Fix TensorPipeAgent shutdown to ensure it drains all outstanding work. (#40060)
Summary:
Pull Request resolved: https://github.com/pytorch/pytorch/pull/40060
As part of debugging https://github.com/pytorch/pytorch/issues/39855,
I noticed that TensorPipeAgent's ThreadPool was still executing tasks when the
python interpreter was shutting down. This caused issues with
pybind::gil_scoped_acquire() since it can't be called when the interpreter is
shutting down resulting in a crash.
The reason for this was that TensorPipeAgent was calling waitWorkComplete and
then shutting down the listeners.
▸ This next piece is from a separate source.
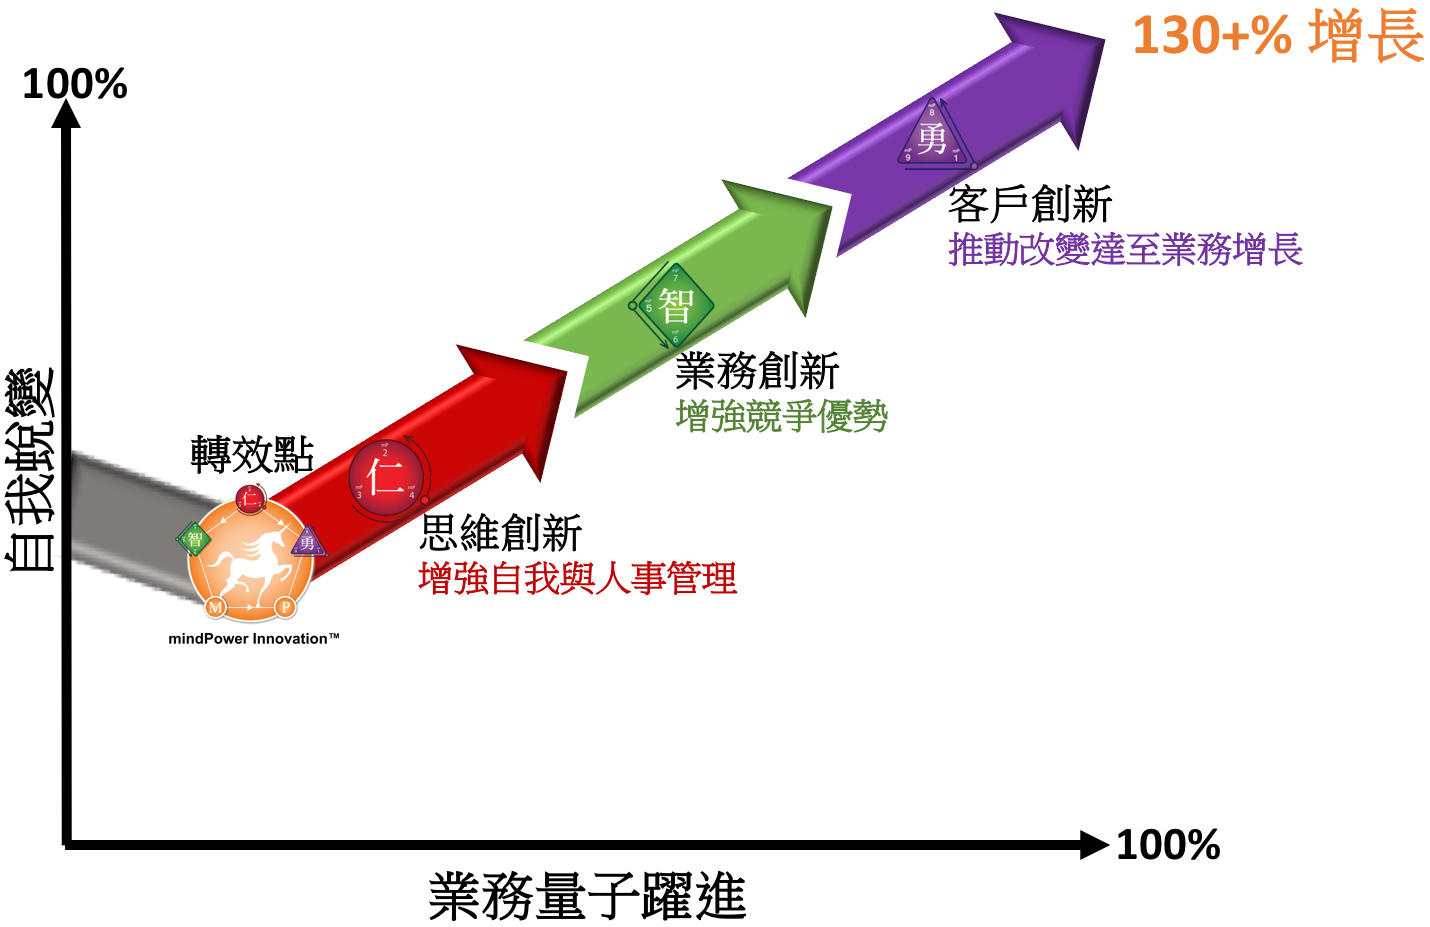 mindPower Innovation™ model.png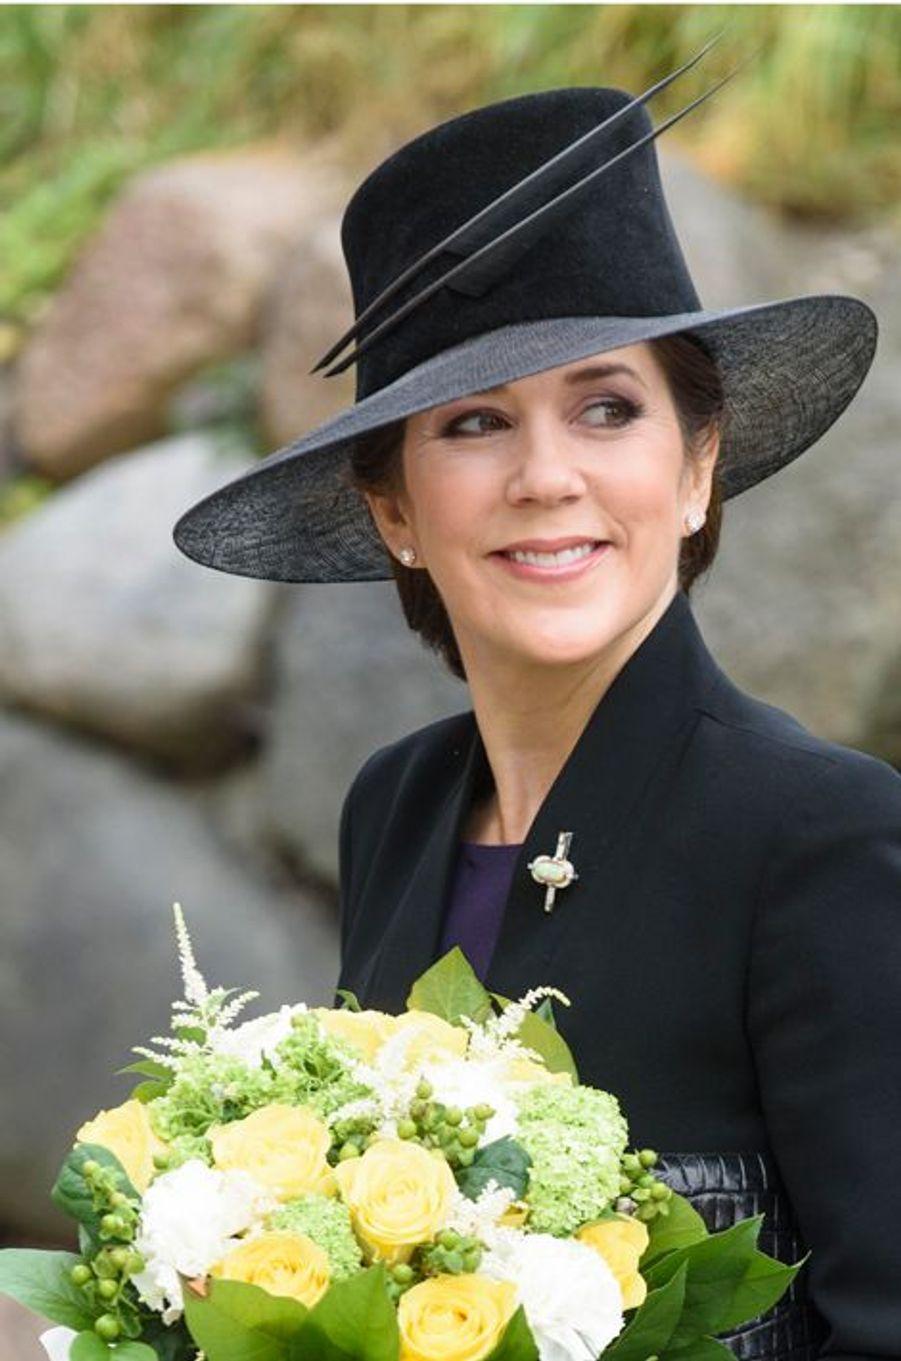 La princesse Mary de Danemark, le 25 avril 2015

This meant that after waitWorkComplete
returned, there could still be a race where an RPC call gets enqueued before we
shutdown listeners.
To avoid this situation, I've moved the call to waitWorkComplete at the end of
shutdown (similar to ProcessGroupAgent).
Closes: https://github.com/pytorch/pytorch/issues/39855
ghstack-source-id: 105926653
Test Plan:
1) Ran test_backward_node_failure
(__main__.TensorPipeAgentDistAutogradTestWithSpawn) 100 times to verify the
fix.
2) waitforbuildbot
Differential Revision: D22055708
fbshipit-source-id: 2cbe388e654b511d85ad416e696f3671bd369372